# External Bucket Sort

# External Bucket Sort

External bucket sort extends bucket sort to data that does not fit in memory. It partitions records into ordered buckets stored on external storage, sorts each bucket independently, and concatenates the buckets in key order.

The method works well when the key distribution is known well enough to create buckets of manageable size.

## Problem

Given a large dataset and a key function, sort all records using bounded memory.

The algorithm assumes that records can be assigned to ordered buckets:

$$
B_0, B_1, \ldots, B_{k-1}
$$

where every key in $B_i$ is less than or equal to every key in $B_j$ whenever $i < j$.

## Core Idea

Create external buckets, scan the input once, and write each record to its bucket. Then sort each bucket separately. Since bucket ranges are ordered, the final output is the concatenation of sorted buckets.

```text id="b9r2kd"
external_bucket_sort(input, bucket_ranges):
    buckets = create_external_buckets(bucket_ranges)

    for record in input:
        i = bucket_index(record.key, bucket_ranges)
        append record to buckets[i]

    for bucket in buckets:
        sort_bucket(bucket)

    return concatenate buckets in order
```

## Bucket Assignment

For fixed numeric ranges, bucket assignment can be computed directly.

```text id="j62qfd"
bucket_index(x, min_key, max_key, k):
    width = (max_key - min_key + 1) / k
    return floor((x - min_key) / width)
```

For arbitrary splitters, use binary search.

```text id="q4am8s"
bucket_index_by_splitters(key, splitters):
    return first i such that key <= splitters[i]
```

## Example

Input:

$$
[42, 7, 18, 93, 55, 12, 71, 30]
$$

Use ranges:

| bucket | range    |
| ------ | -------- |
| $B_0$  | 0 to 24  |
| $B_1$  | 25 to 49 |
| $B_2$  | 50 to 74 |
| $B_3$  | 75 to 99 |

Distribution:

| bucket | values    |
| ------ | --------- |
| $B_0$  | 7, 18, 12 |
| $B_1$  | 42, 30    |
| $B_2$  | 55, 71    |
| $B_3$  | 93        |

Sort buckets:

| bucket | sorted    |
| ------ | --------- |
| $B_0$  | 7, 12, 18 |
| $B_1$  | 30, 42    |
| $B_2$  | 55, 71    |
| $B_3$  | 93        |

Concatenate:

$$
[7, 12, 18, 30, 42, 55, 71, 93]
$$

## Correctness

The bucket ranges are ordered and non-overlapping. Each record is assigned to exactly one bucket whose range contains its key.

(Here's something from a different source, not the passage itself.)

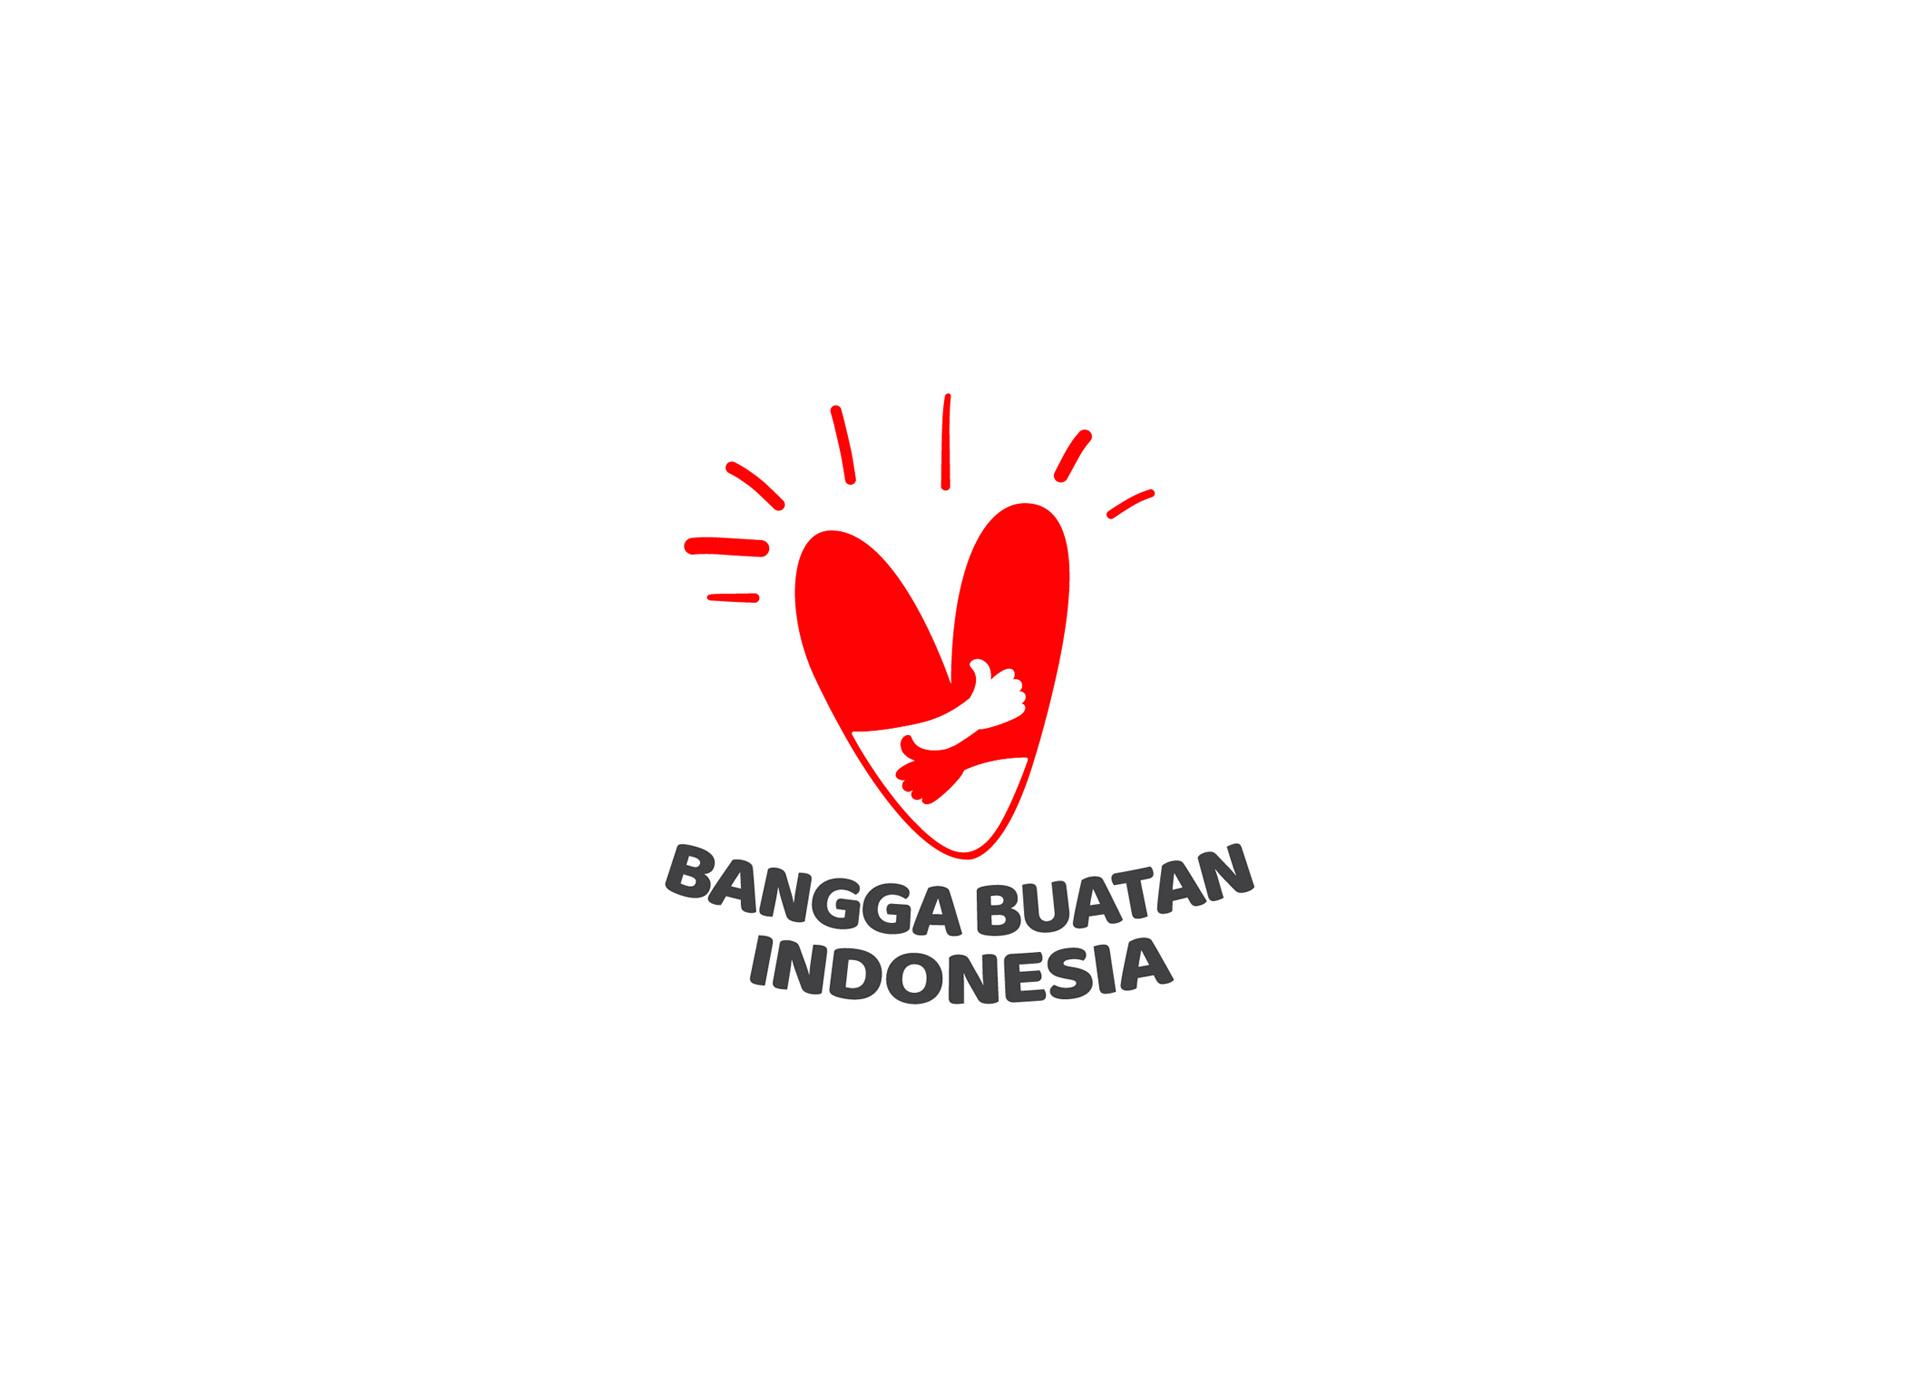 #BanggaBuatanIndonesia adalah sebuah gerakan dari pemerintah bersama berbagai perusahaan lainnya yang berada di bawah naungan Asosiasi E-Commerce Indonesia (idEA). Gerakan ini dicanangkan oleh Presiden Joko Widodo dan jajaran Kementeriannya yang bertujuan untuk mendorong sektor Usaha Mikro, Kecil, dan Menengah (UMKM) untuk go digital dan memperluas jangkauan pasar UMKM hingga ke pelosok daerah di Indonesia.

Each bucket is sorted internally. Since every key in an earlier bucket is less than or equal to every key in a later bucket, concatenating buckets in bucket order produces a globally sorted sequence.

Every record is written to one bucket and emitted once, so the result is a sorted permutation of the input.

## Complexity

Let:

* $N$ be the number of records
* $k$ be the number of buckets
* $B$ be the block size
* $N_i$ be the size of bucket $i$

Distribution I/O:

$$
O\left(\frac{N}{B}\right)
$$

Sorting cost:

$$
\sum_{i=0}^{k-1} T(N_i)
$$

With balanced buckets and comparison sorting inside buckets:

$$
O(N \log (N/k))
$$

CPU time.

If buckets fit in memory, each bucket can be sorted internally and written once.

## Design Choices

| choice              | effect                    |
| ------------------- | ------------------------- |
| number of buckets   | controls bucket size      |
| bucket ranges       | determines balance        |
| buffering           | reduces small writes      |
| recursive bucketing | handles oversized buckets |
| stable bucket sort  | preserves equal-key order |

## When to Use

Use external bucket sort when:

* keys have a known or estimable range
* bucket boundaries can be chosen well
* buckets can be sorted independently
* sequential writes to bucket files are efficient
* parallel bucket processing is useful

Avoid it when the key distribution is highly skewed and bucket ranges cannot be balanced.

## Implementation Sketch

```python id="ts6f2n"
def bucket_index(x, min_key, max_key, bucket_count):
    if x == max_key:
        return bucket_count - 1

    width = (max_key - min_key + 1) / bucket_count
    return int((x - min_key) // width)
```

```python id="xv0u1e"
def external_bucket_sort_model(data, bucket_count):
    if not data:
        return []

    min_key = min(data)
    max_key = max(data)

    buckets = [[] for _ in range(bucket_count)]

    for x in data:
        i = bucket_index(x, min_key, max_key, bucket_count)
        buckets[i].append(x)

    out = []
    for bucket in buckets:
        out.extend(sorted(bucket))

    return out
```

## Notes

External bucket sort replaces repeated merging with ordered partitioning. Its performance depends on bucket balance. With good buckets, the algorithm can sort large data using mostly sequential scans and independent local sorts.